Could the listing below be returned exactly, with its pictures left out?
Collected material Start Marker
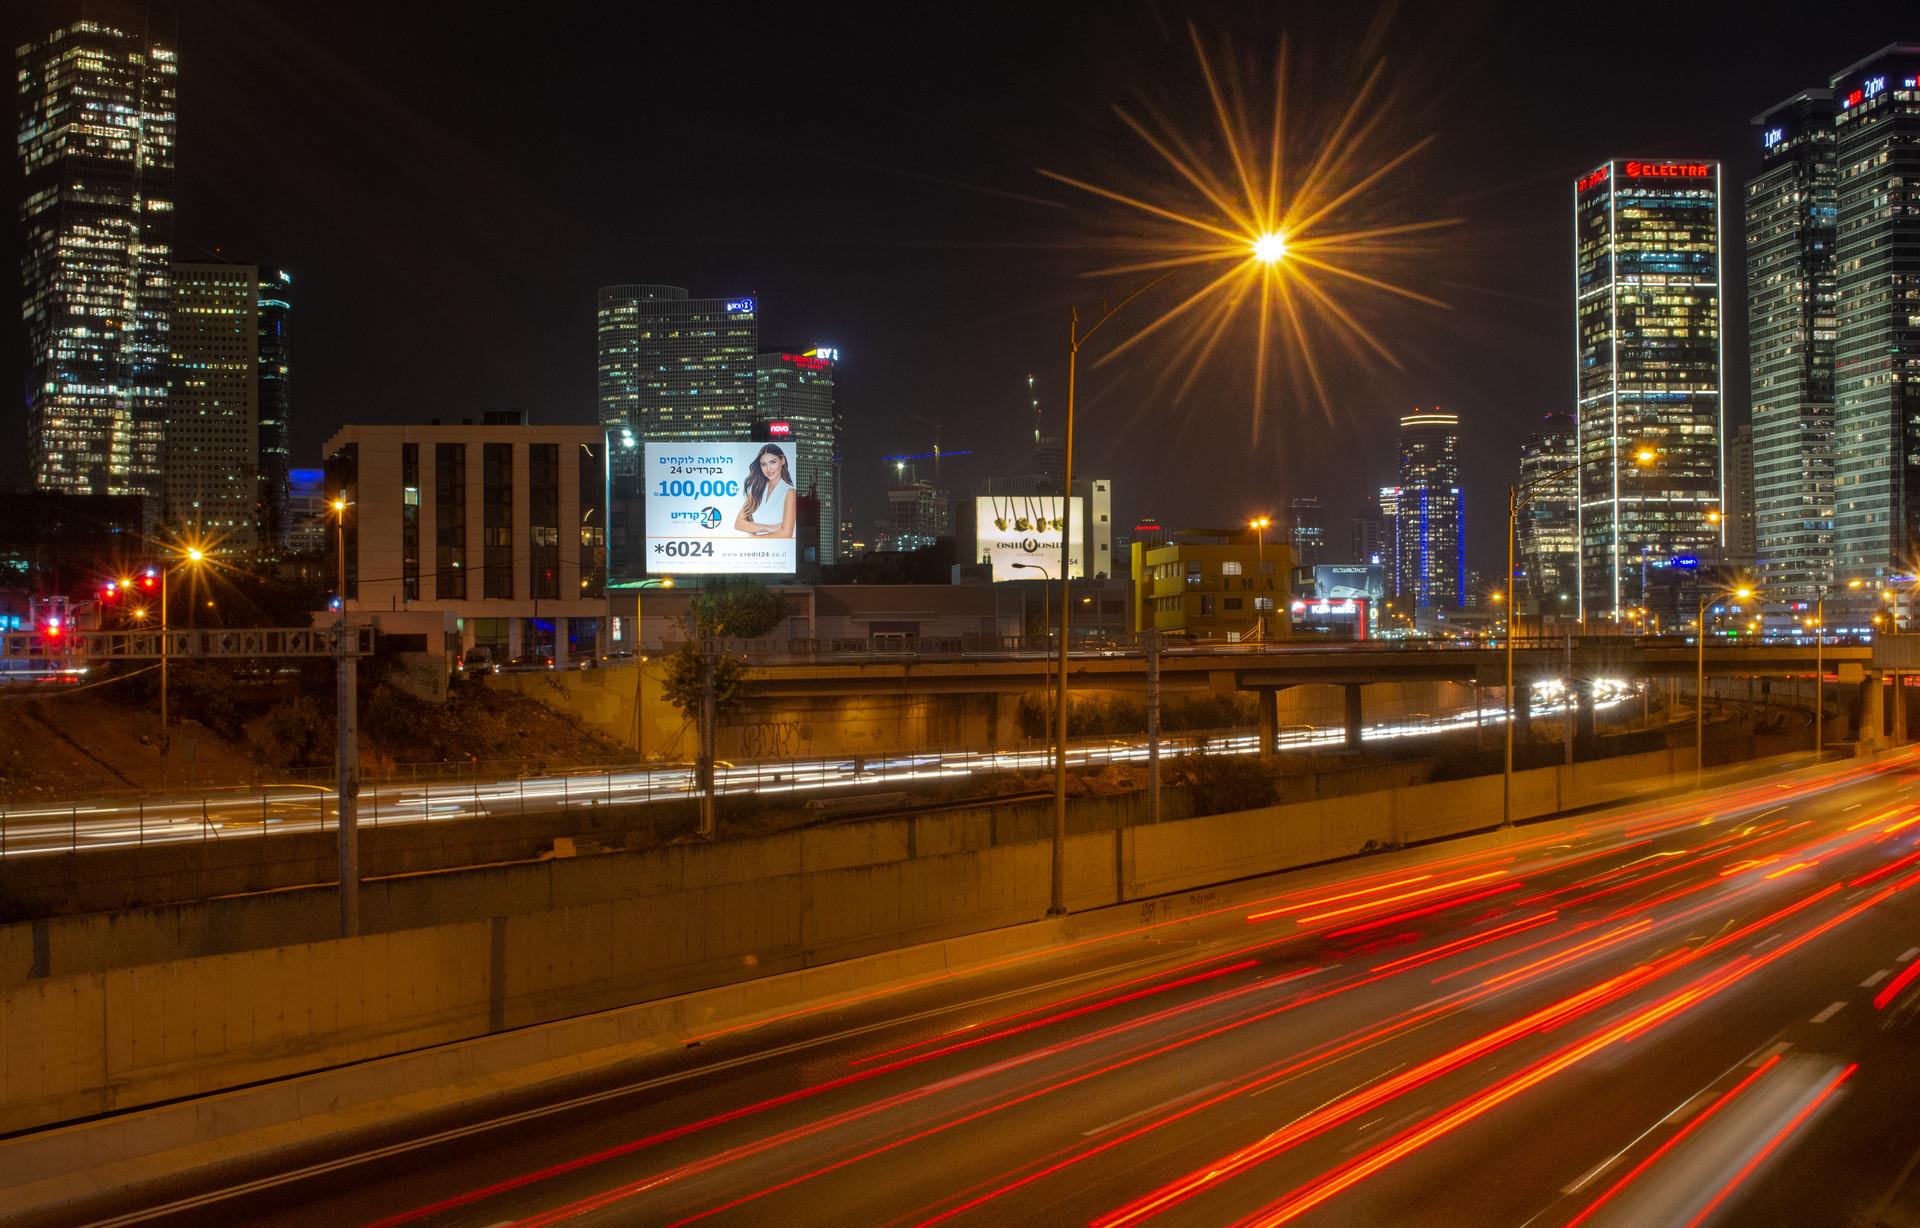 פרסום על גבי קירות בתל אביב
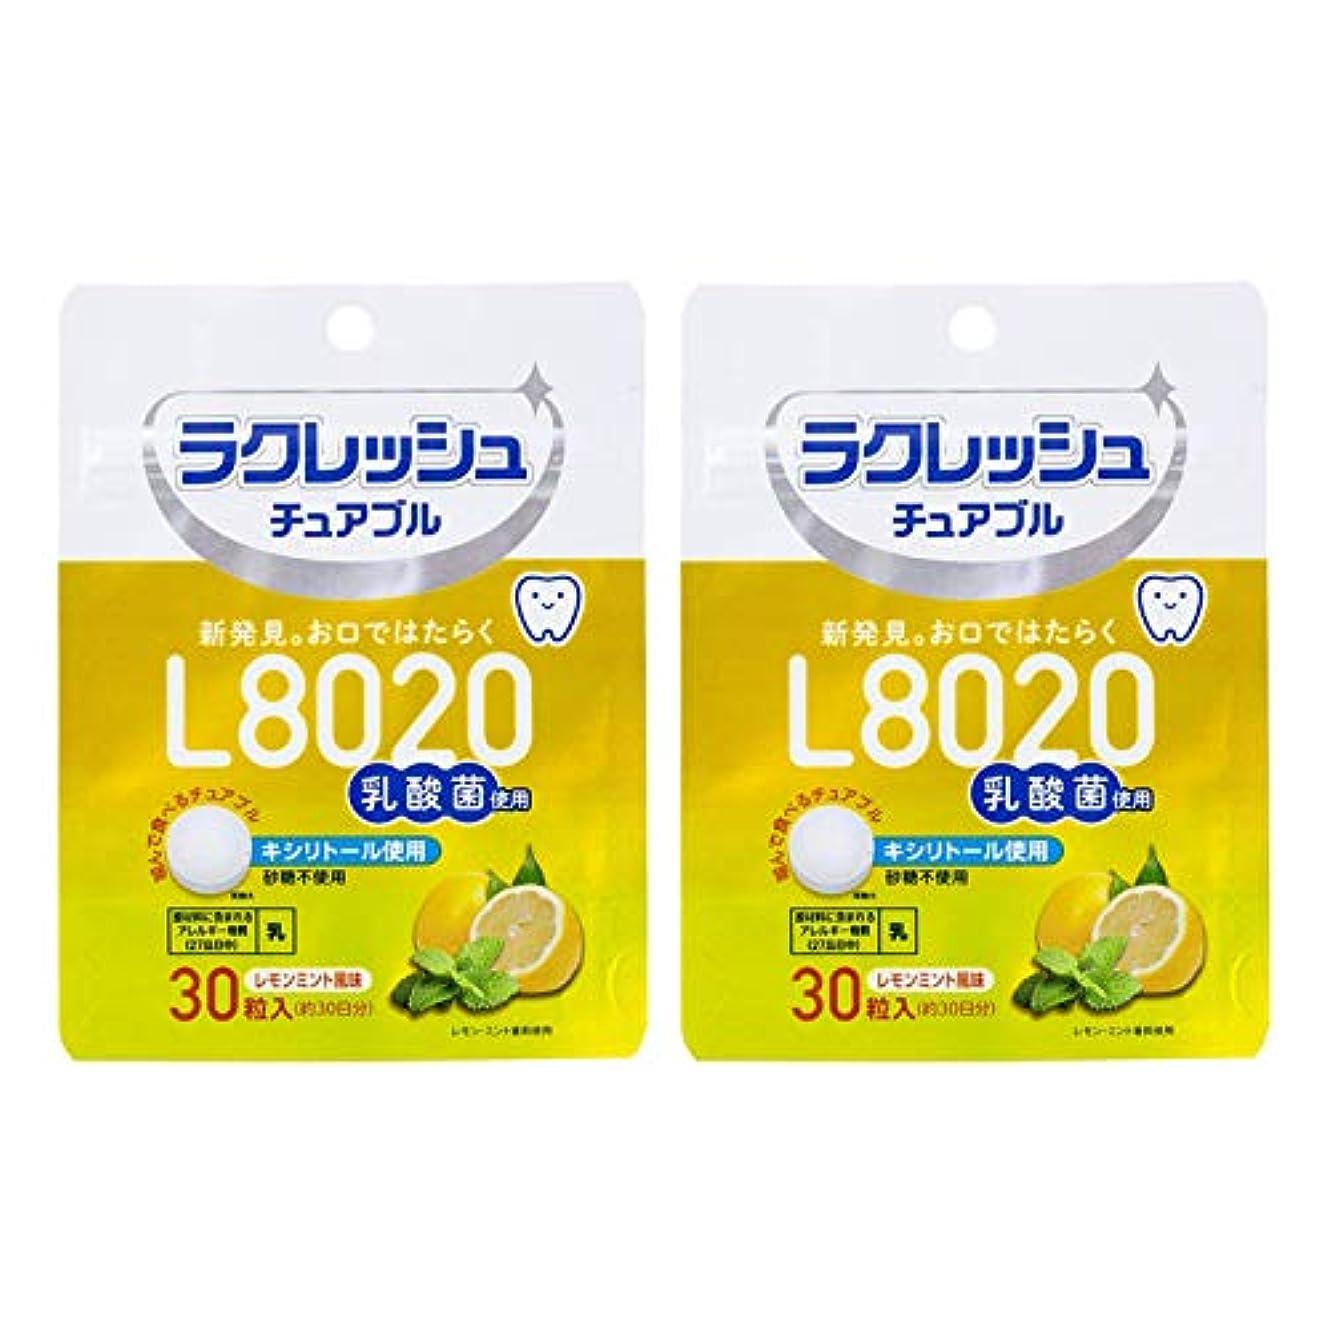 視聴者サイクルスタイルラクレッシュ L8020 乳酸菌 チュアブル レモンミント風味 オーラルケア 30粒入×2袋
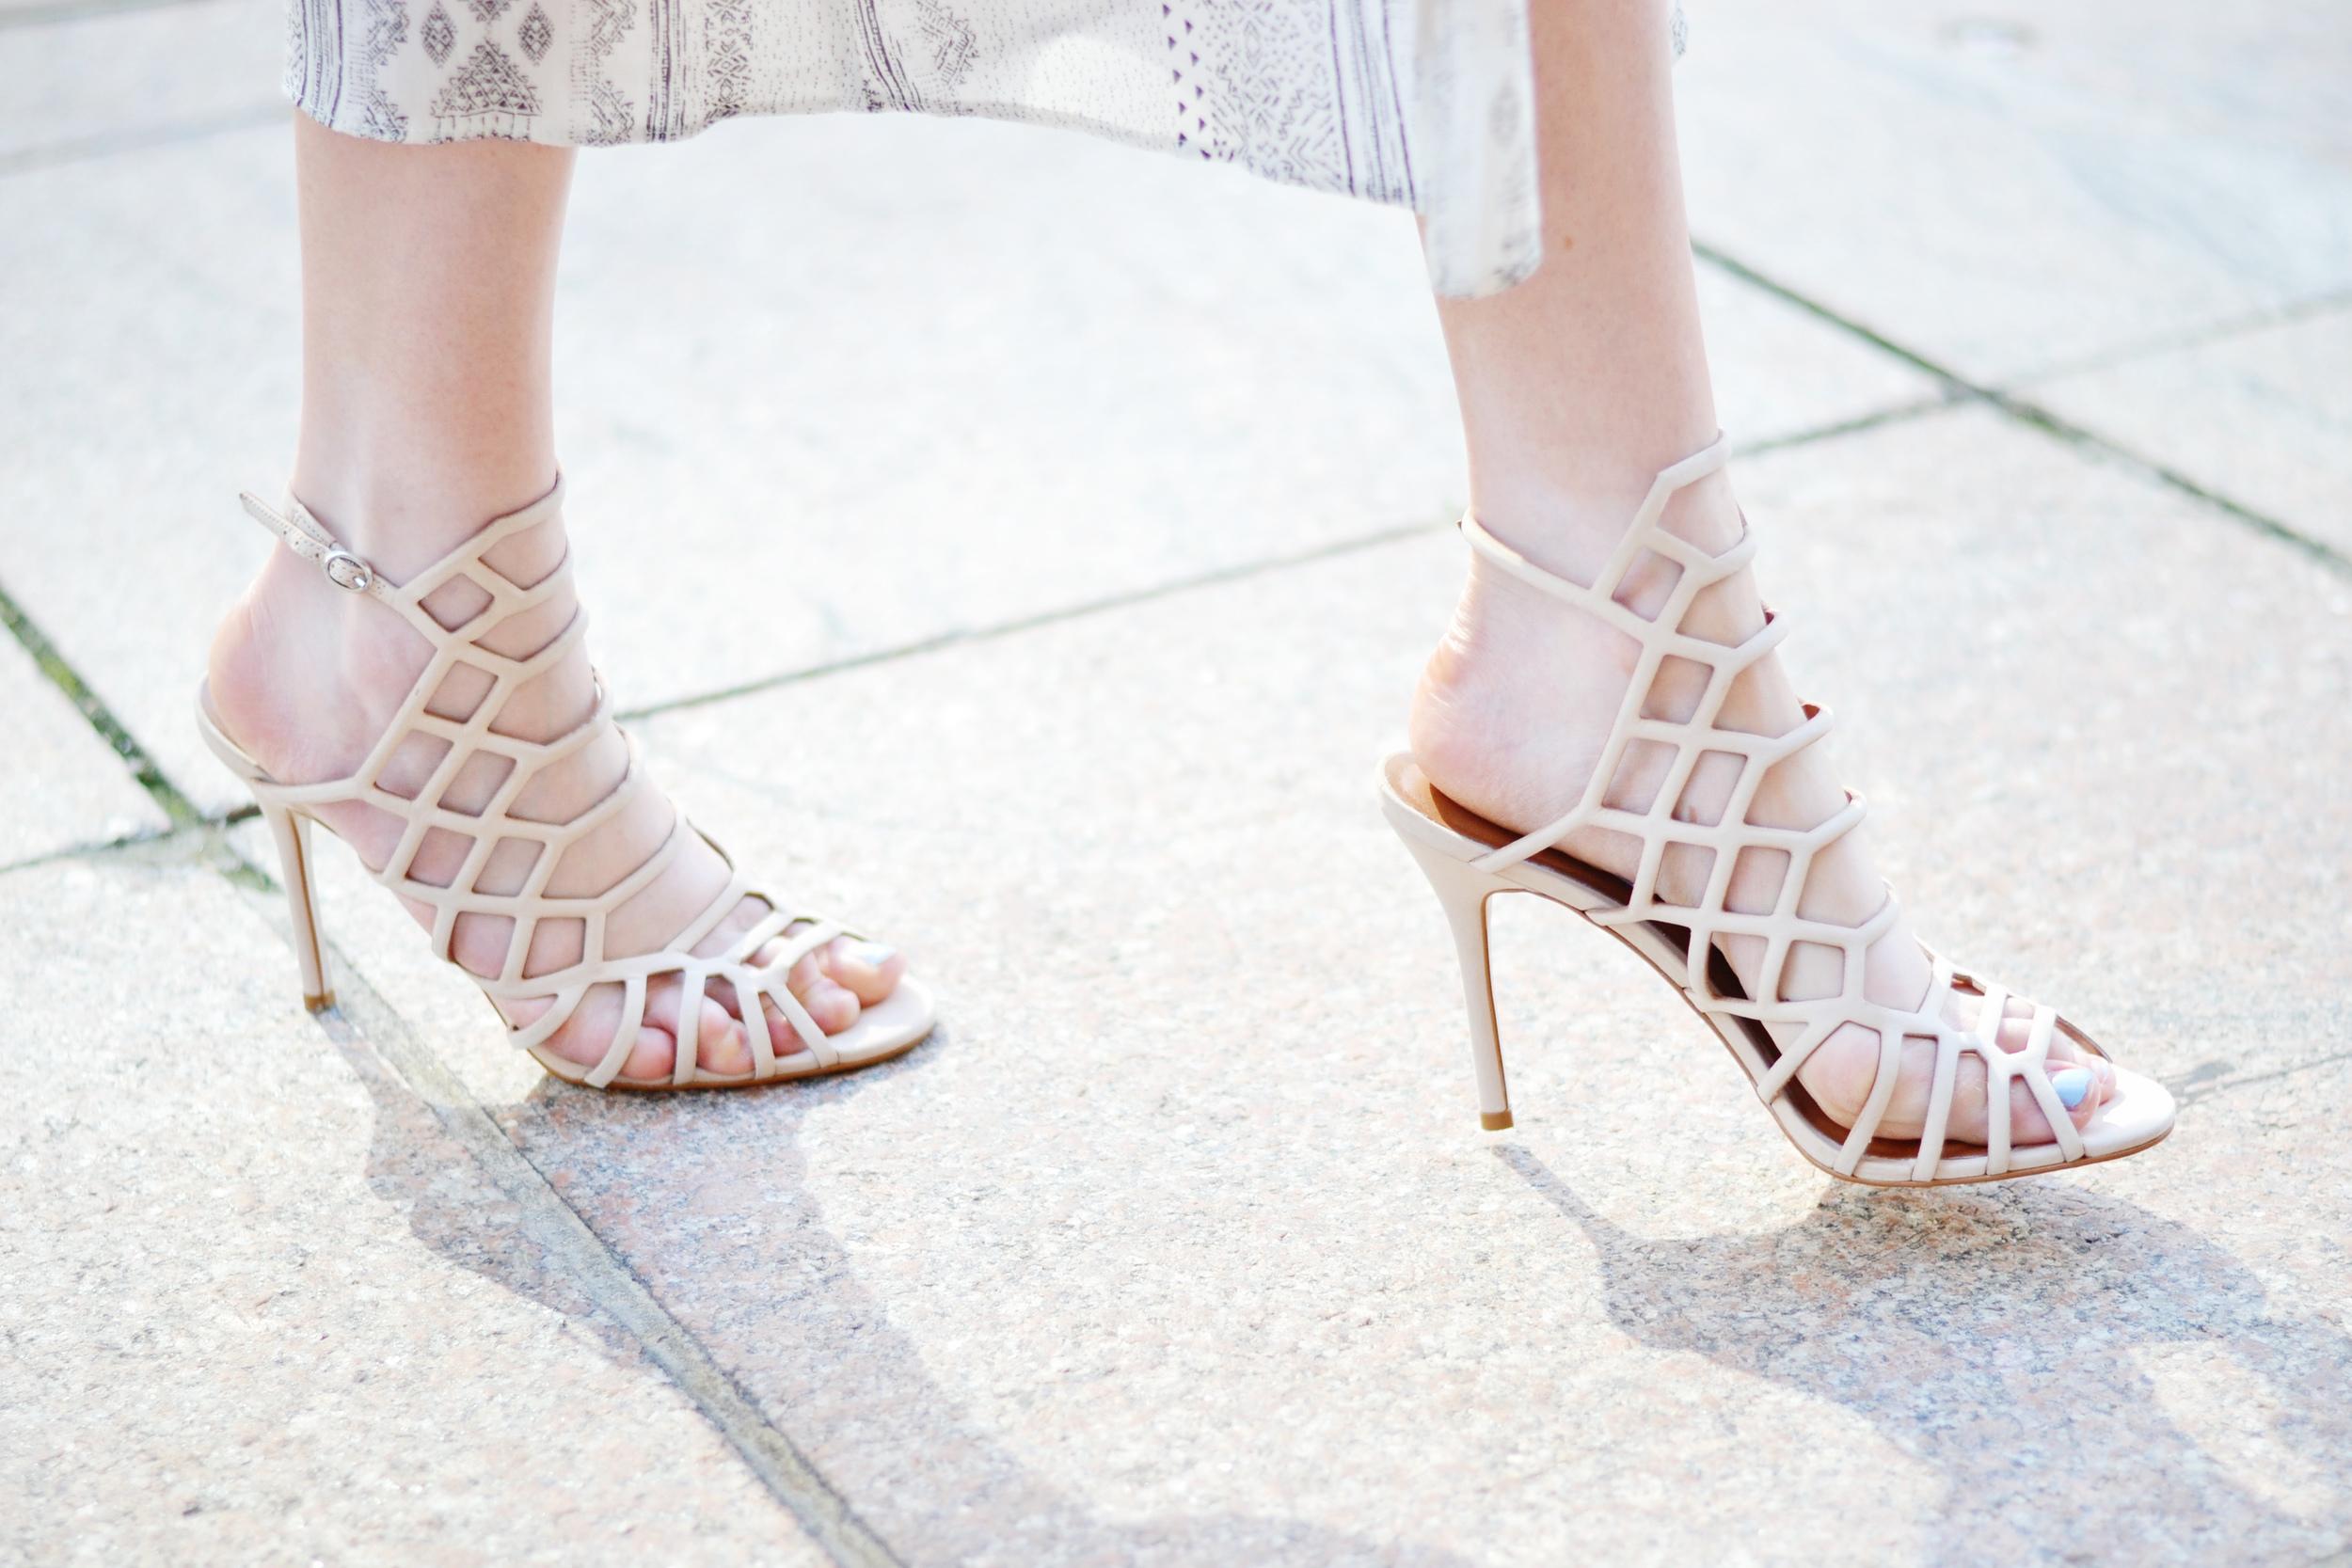 Steve Madden SLITHUR Heels (via Chic Now)
Collected material End Marker
## Response area
 פרסום על גבי קירות בתל אביב
 視聴者サイクルスタイルラクレッシュ L8020 乳酸菌 チュアブル レモンミント風味 オーラルケア 30粒入×2袋
 Steve Madden SLITHUR Heels (via Chic Now)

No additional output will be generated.